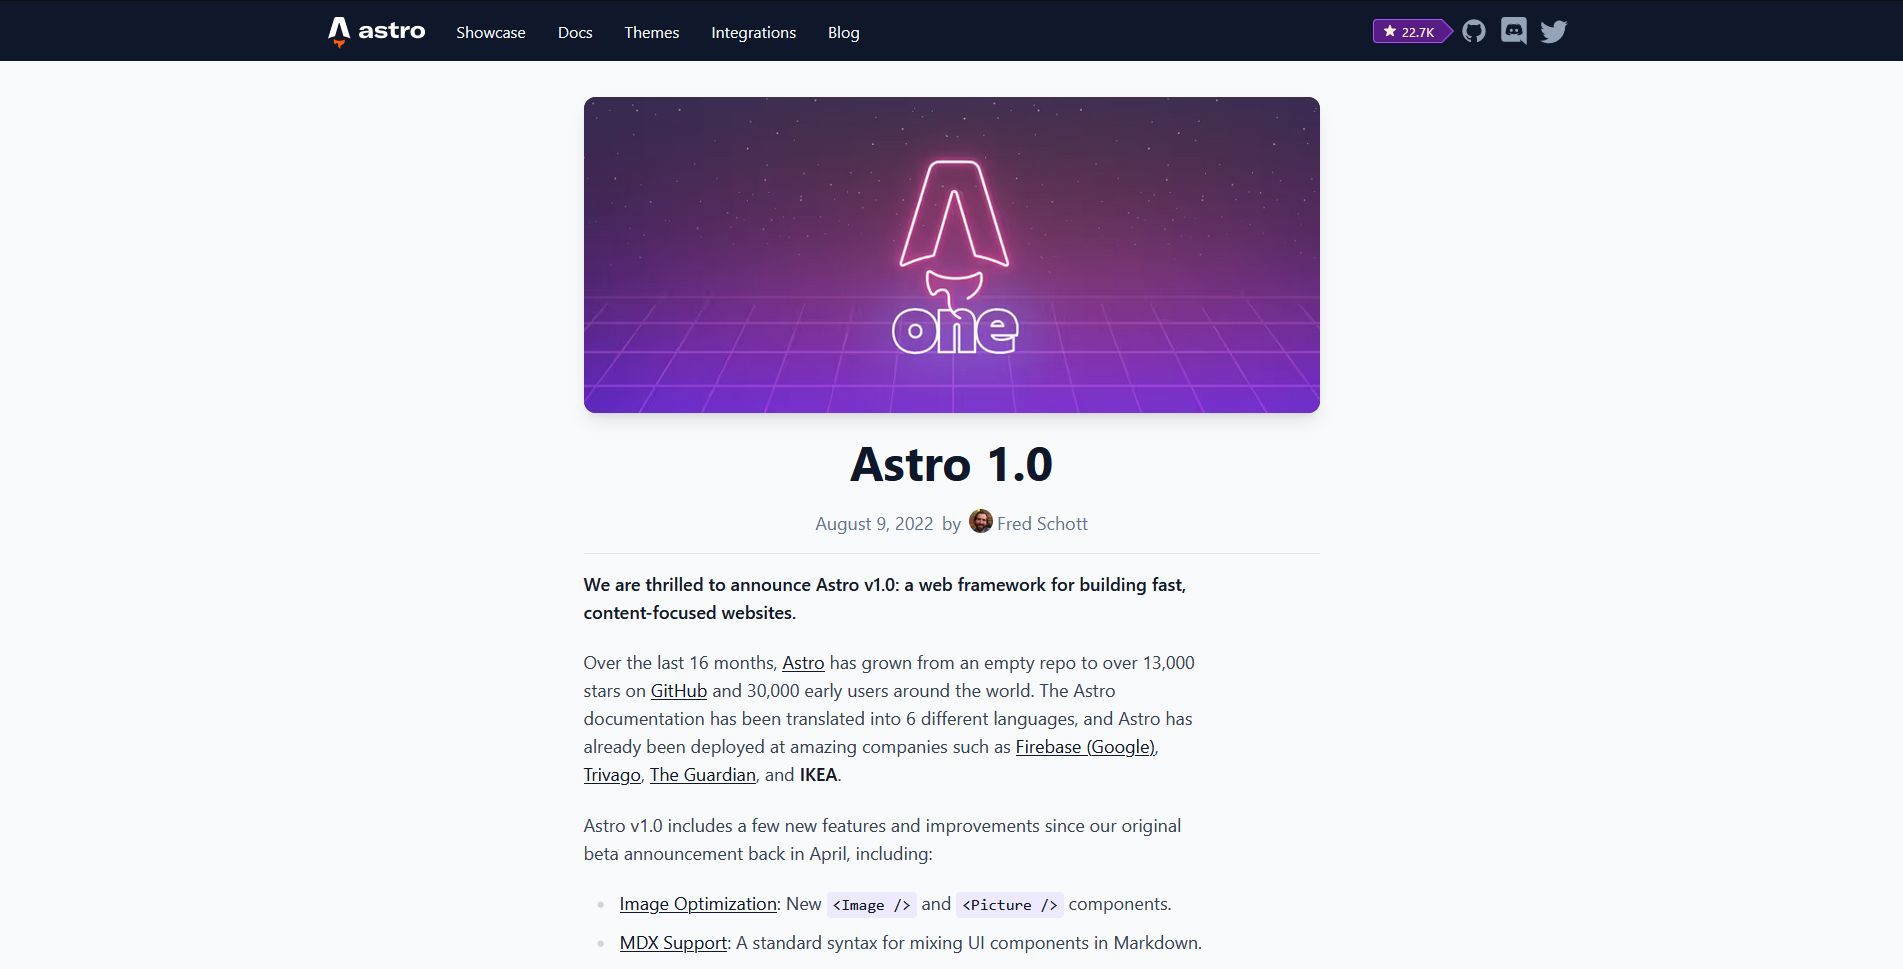 Astro v1.0 announcement post
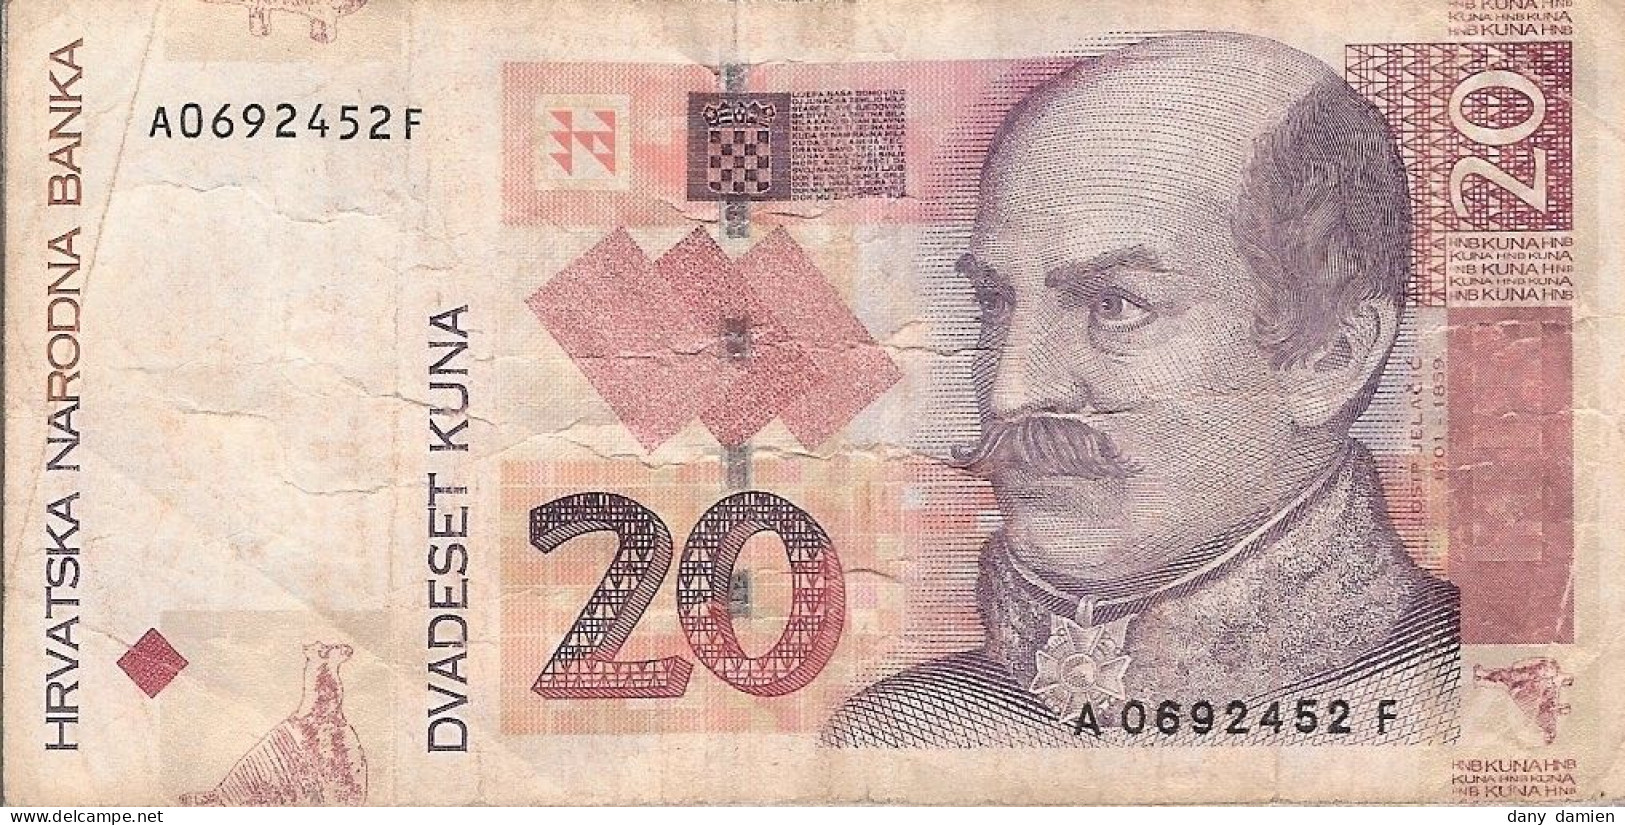 CROATIE - Billet De 20 KUNA - Année 2001 (Numéroté A0692452F) - Croatie
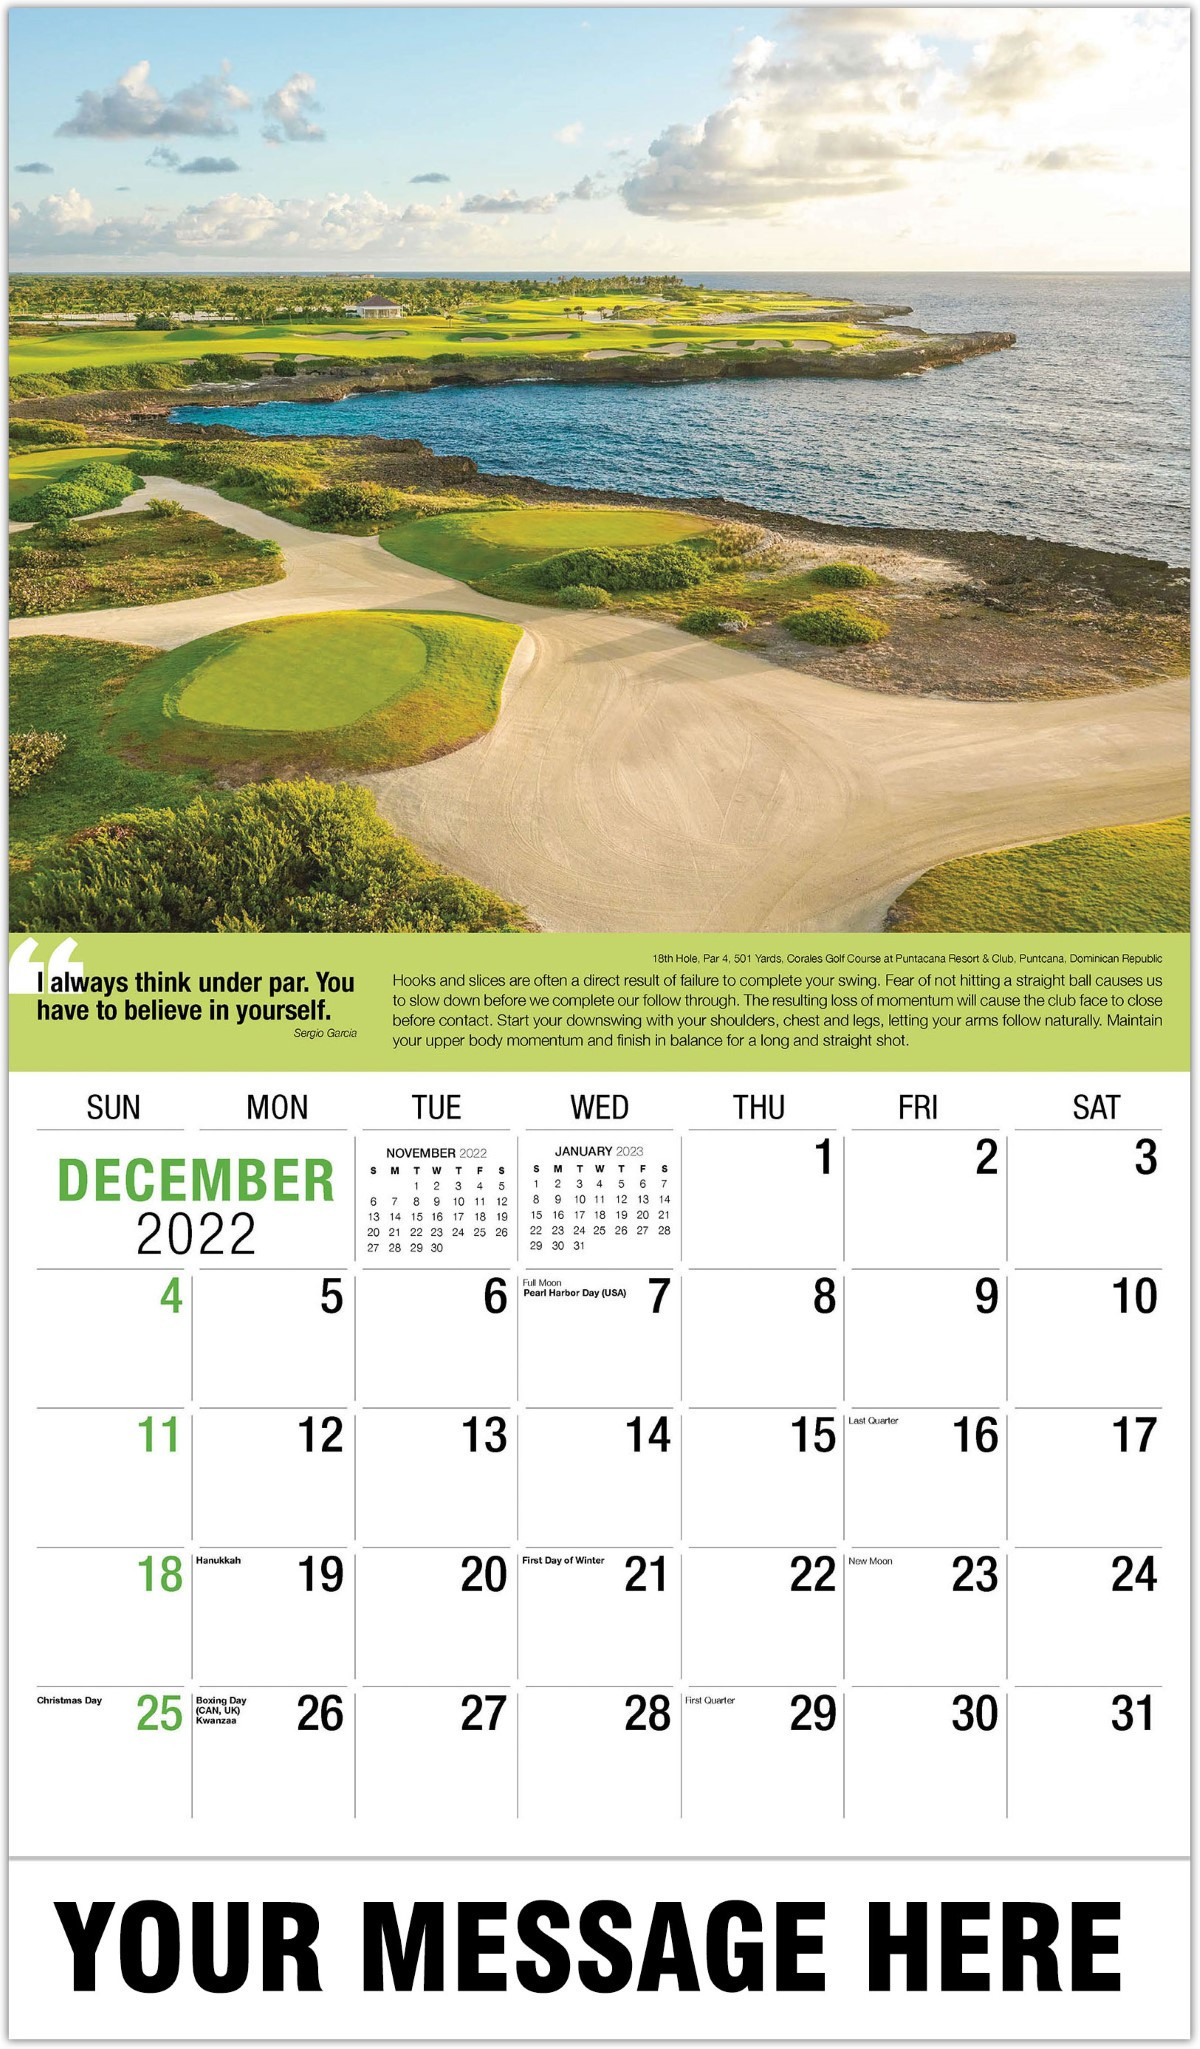 Golf Tips - 2022 Promotional Calendar - Wall Calendars  Light The World 2022 Calendar Zoo

::::

**TASK BRIEF:** Could you copy the data above exactly, leaving the pictures out?

**THE ANSWER:**
 Astro v1.0 announcement post
 CROATIE - Billet De 20 KUNA - Année 2001 (Numéroté A0692452F) - Croatie
 Golf Tips - 2022 Promotional Calendar - Wall Calendars  Light The World 2022 Calendar Zoo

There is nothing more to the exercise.